AUTOMATIC OPPORTUNITY IDENTIFICATION
As noted in “AI In Procurement Tomorrow: Part II“, a high-performing organization tackles at most 1/3 of spend strategically on an annual basis, due to lack of manpower and time. The fact of the matter is that, unless you have a true best-of-breed spend analysis system and the experience to use it efficiently and effectively (as well as sufficiently cleansed and complete data to work on), it’s a significant effort just to do the spend analysis required to identify and fully qualify the market opportunity and shape it into an appropriate market event.

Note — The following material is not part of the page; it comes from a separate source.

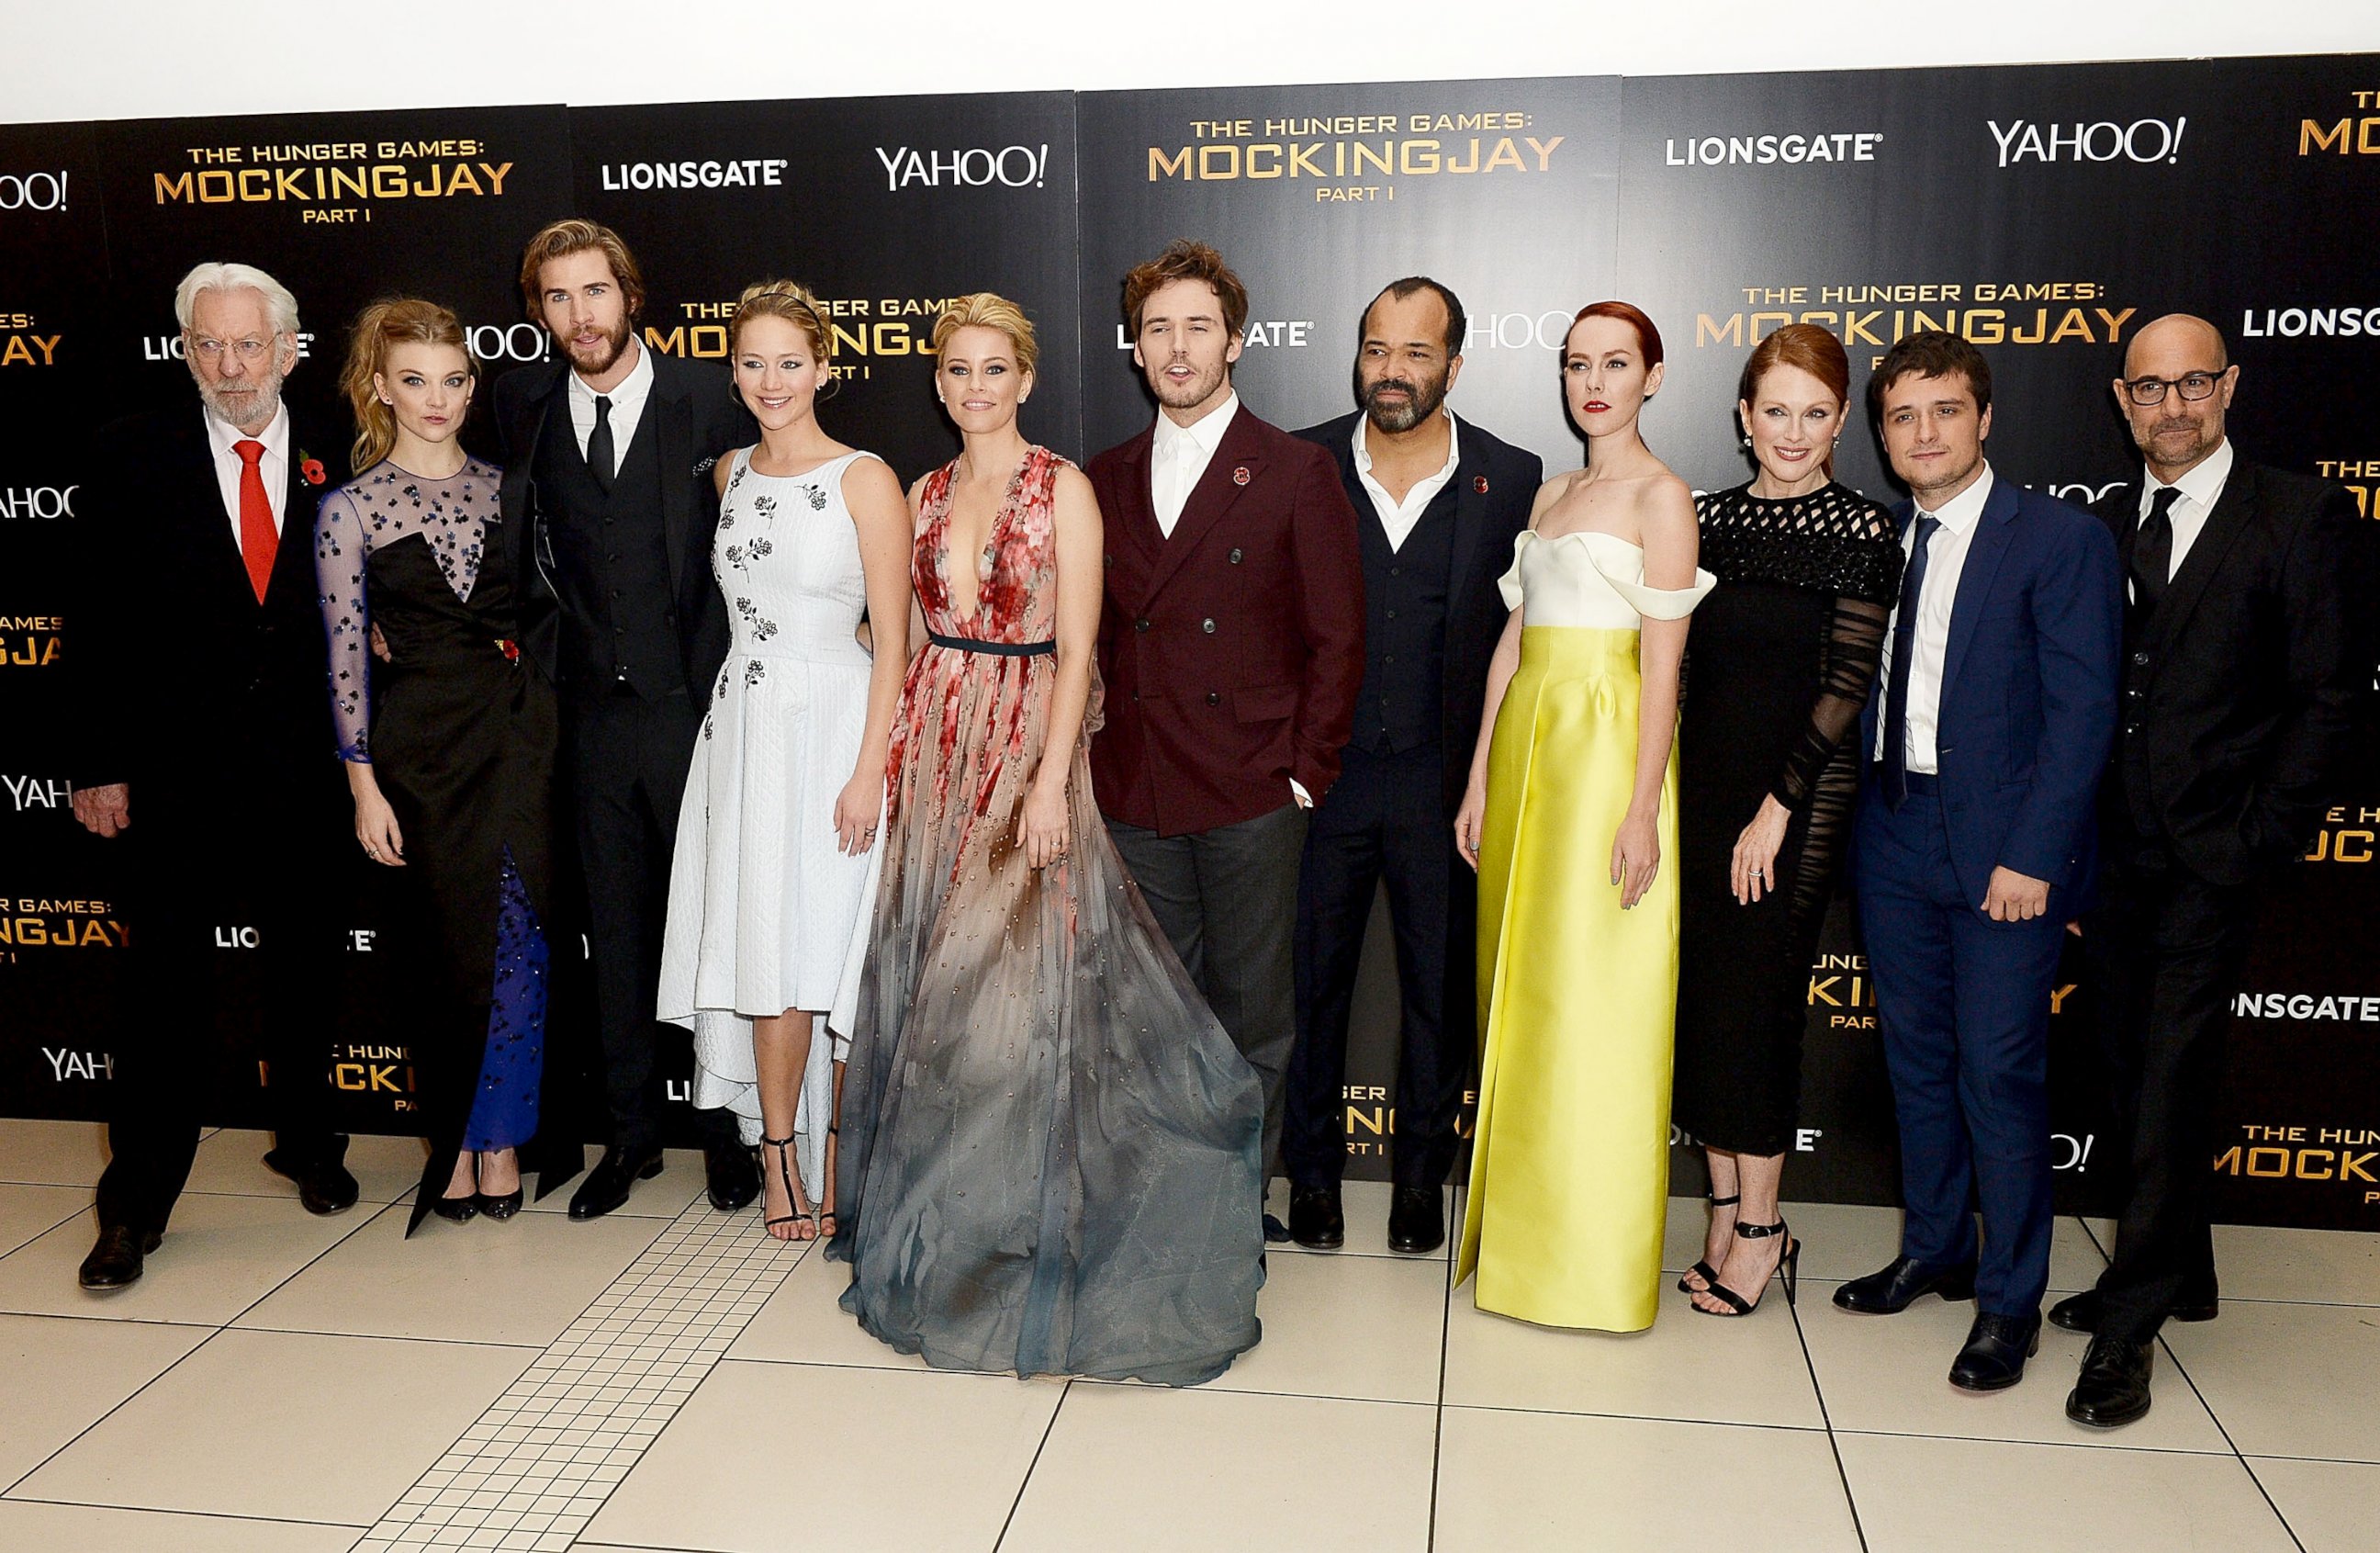 PHOTO: The Hunger Games cast attend the World Premiere of "The Hunger Games: Mockingjay Part 1" at Odeon Leicester Square, Nov. 10, 2014 in London.

But there’s no reason that the platform couldn’t encode all of the standard analytic workflows used by best-practice consultants, identify the top product/services/categories with the most spend not under contract/management, look at the spend variability, look at current market prices and trends, look at average historical community savings data (from community, consultancy, and GPO intelligence), and evaluate and rank opportunities. And the best platforms do. (Are the rankings 100%? No — no platform has complete market data or complete knowledge of every variance to a market situation, but 90% is more than enough as that will free the buyers up to keep up with market dynamics and do real exploratory analysis that is not easily automated.)
SUMMARY
Now, we realize some of these descriptions, like yesterday’s, are also quite brief, but again, that’s because this is not entirely new tech, as the beginnings have been around for a few years, have been in developments and discussed as “the future of” Procurement tech before Gen-AI hit the scene, and all of these capabilities are pretty straight-forward to understand (especially with many of the fake-take and Gen-AI providers marketing these claims, even though they are not entirely realizable within their platforms). And, if you want to dive deeper, the baseline requirements for most of these capabilities were described in depth in the doctor‘s November 2018 articles on Spend Matters. The primary purpose of this article, as with the last, was to explain how more sophisticated versions of traditional ML methodologies could be implemented in unison with human intelligence to create smarter Procurement applications that buyers could rely on with confidence.